[[ Material provided, beginning ]]

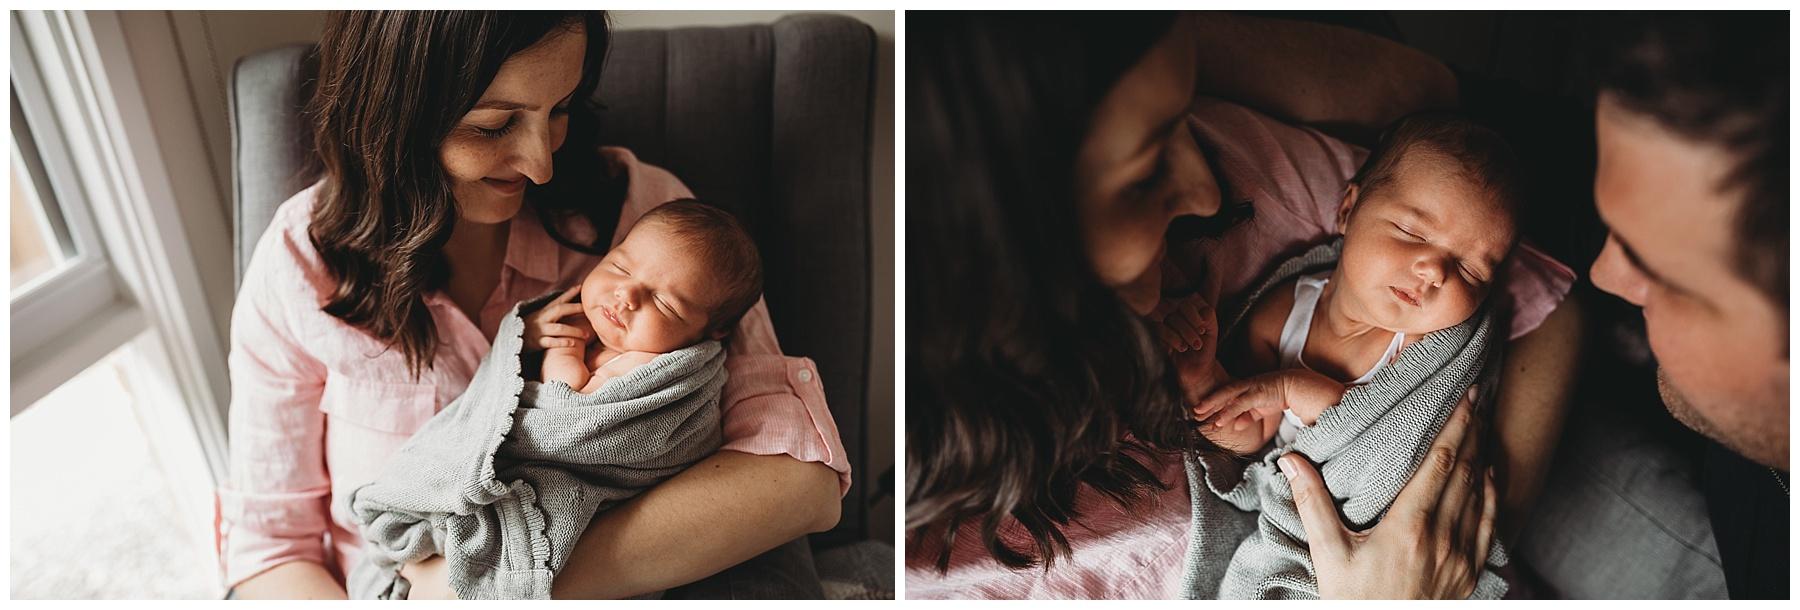 south gippsland newborn photographer - korumburra
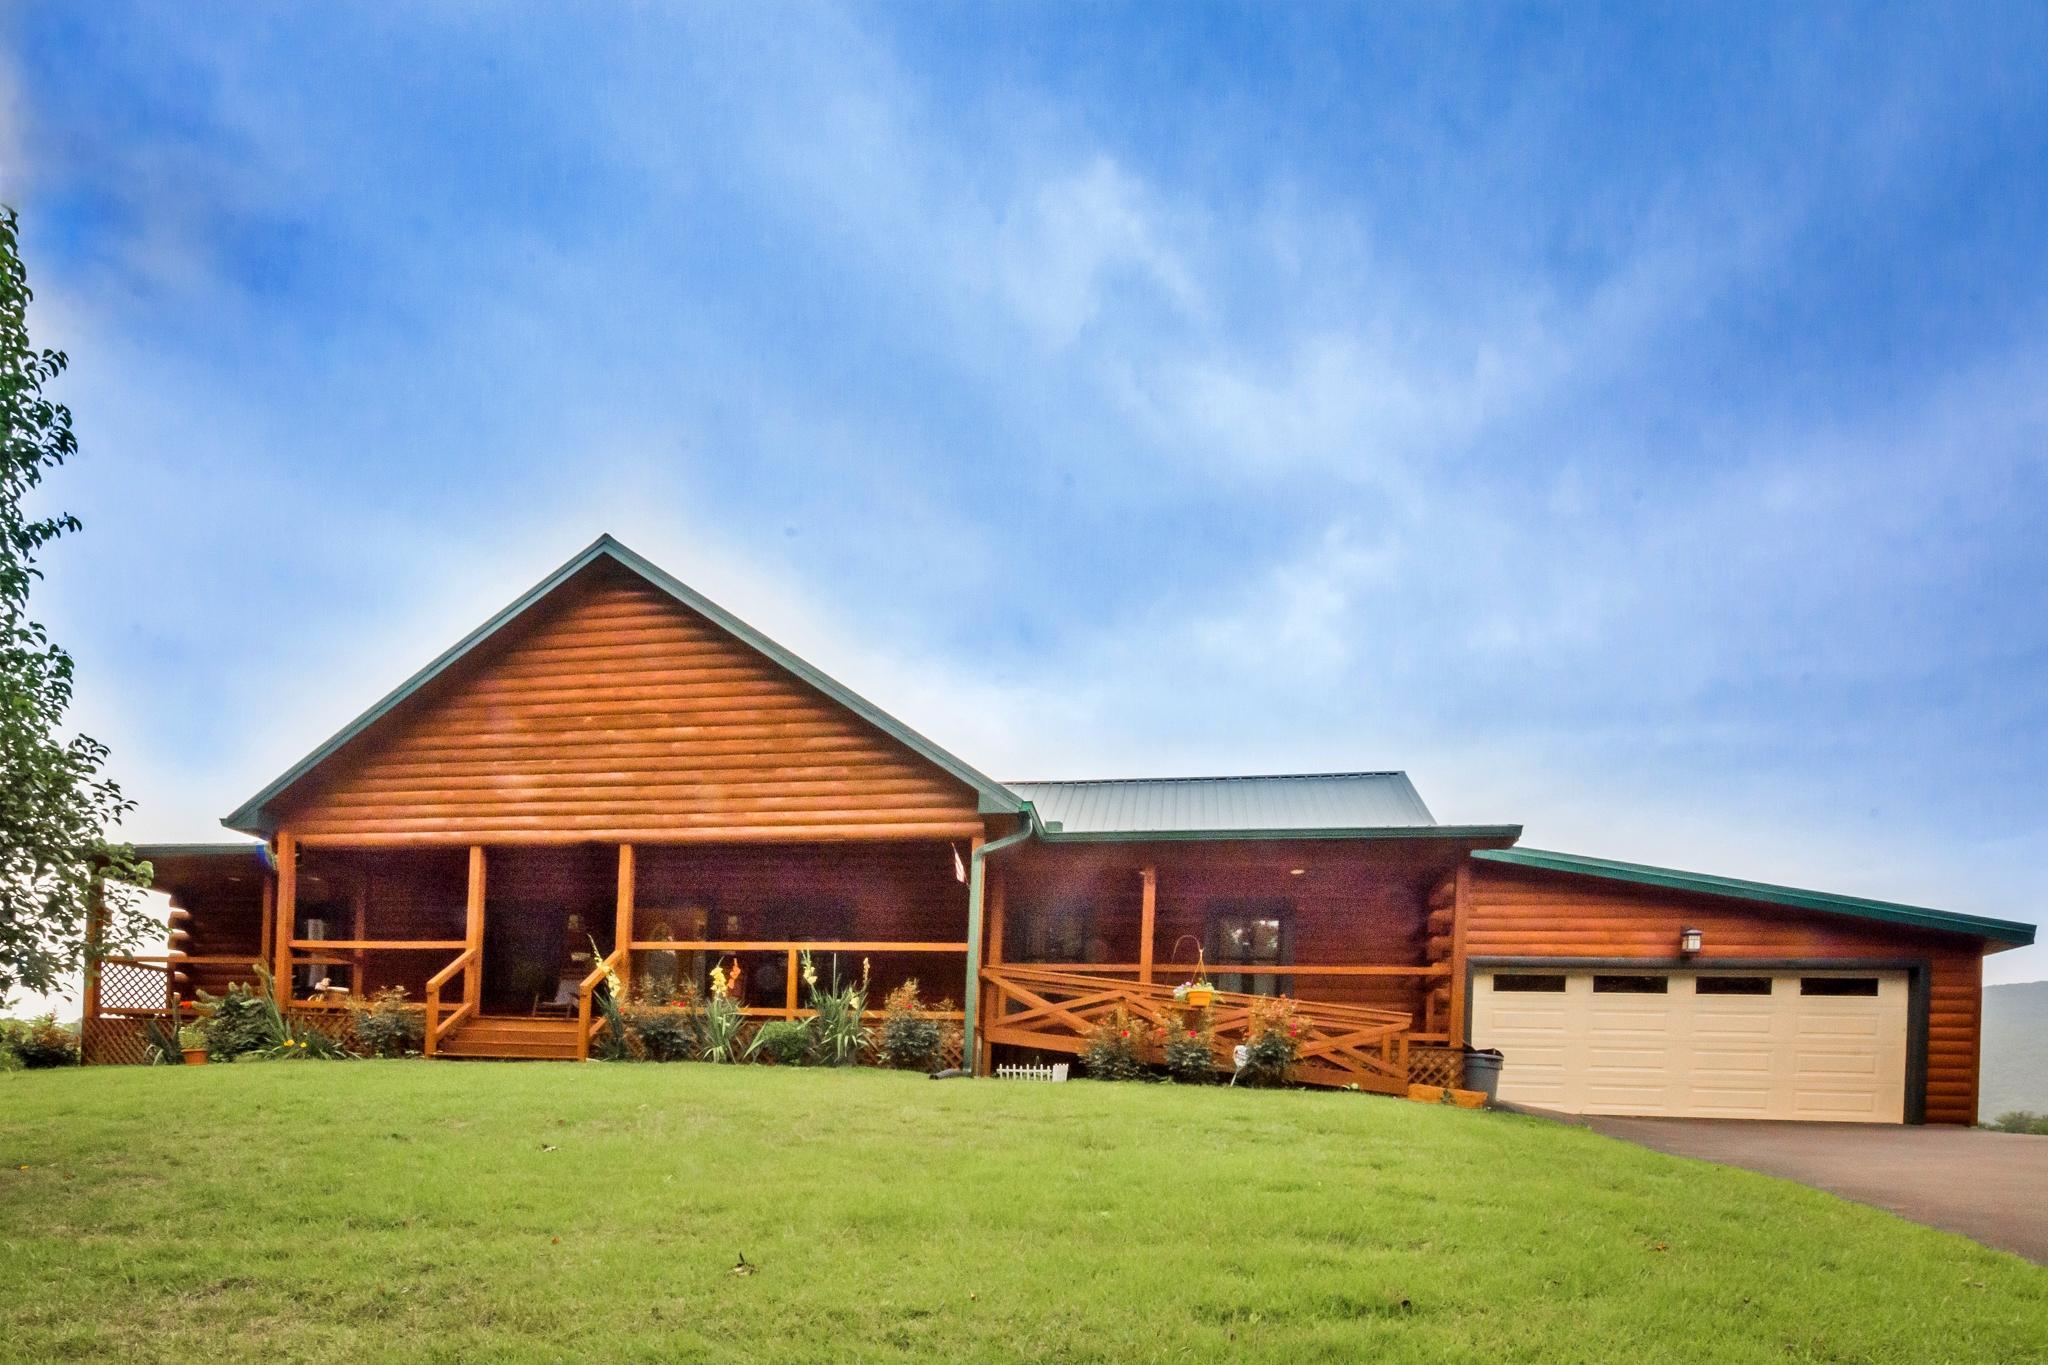 1374 Hudlow Rd, Dunlap, TN 37327
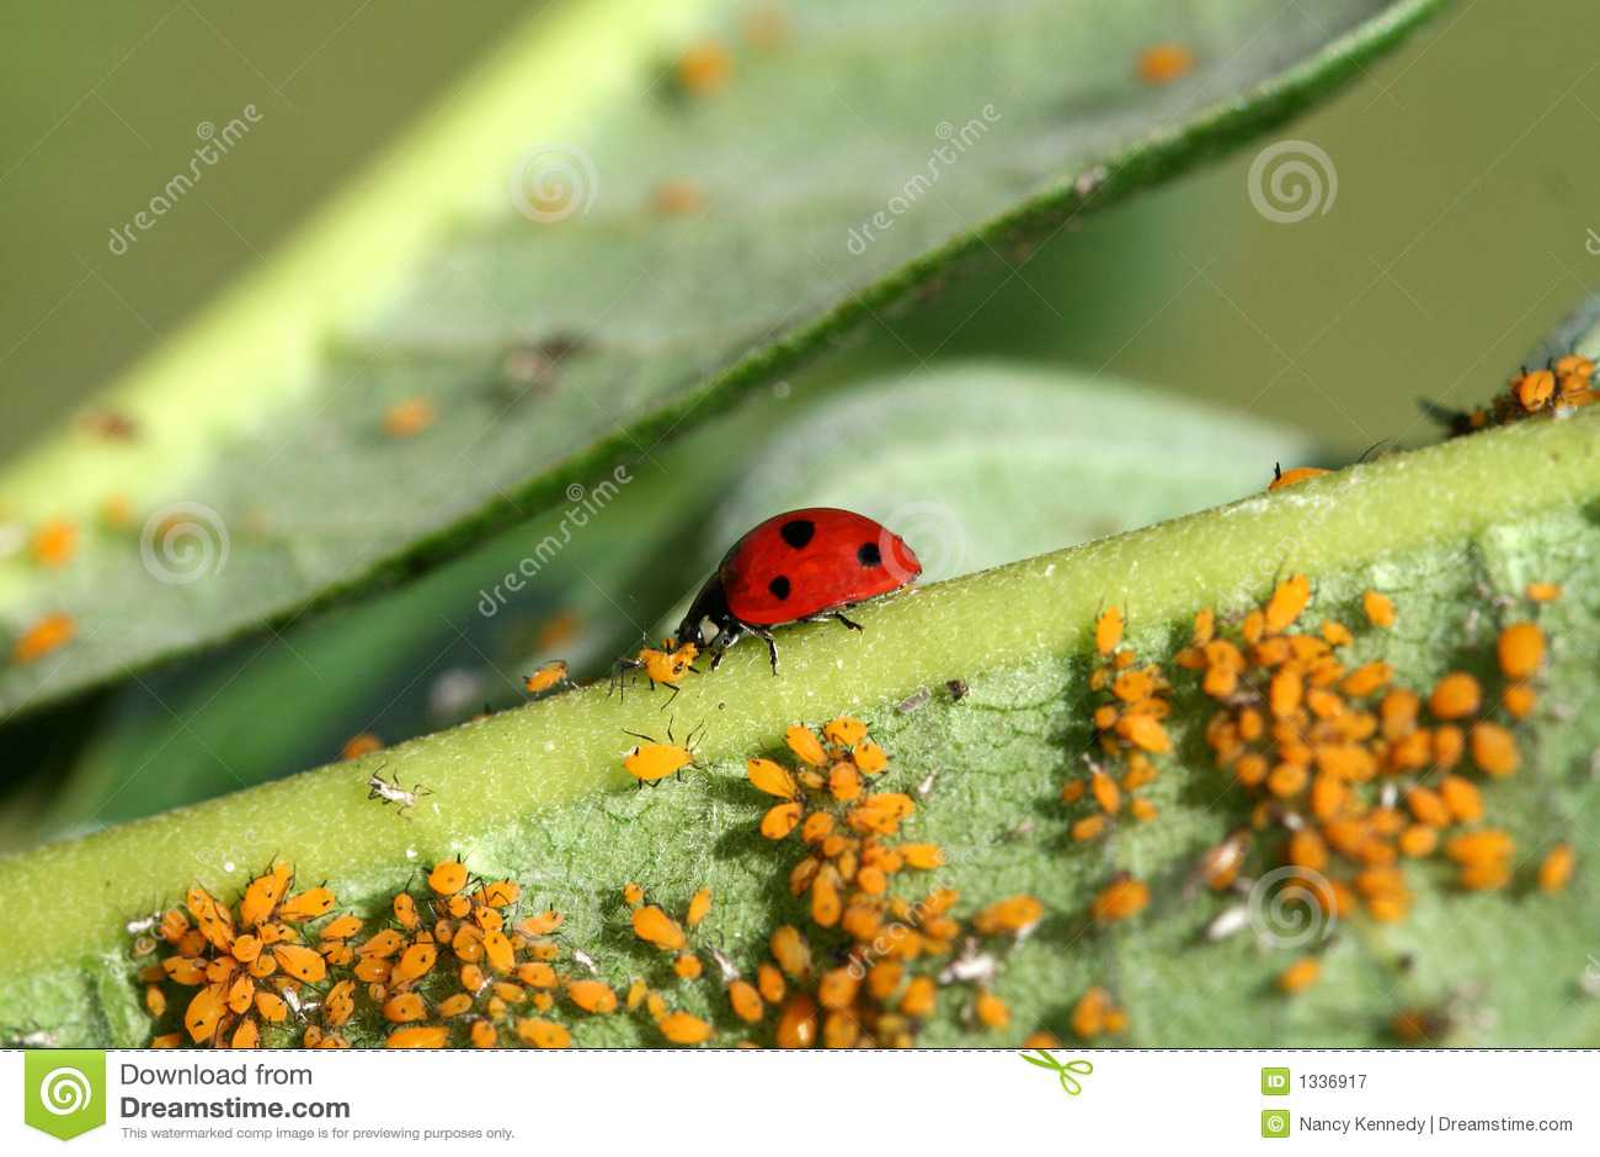 Ladybug Feast Stock Image Image Of Predaceous Harmless 1336917

[[ Material provided, end ]]

Required work: Since the pictures are not wanted, give the material again exactly without them.

Task output:
 south gippsland newborn photographer - korumburra
 1374 Hudlow Rd, Dunlap, TN 37327
 Ladybug Feast Stock Image Image Of Predaceous Harmless 1336917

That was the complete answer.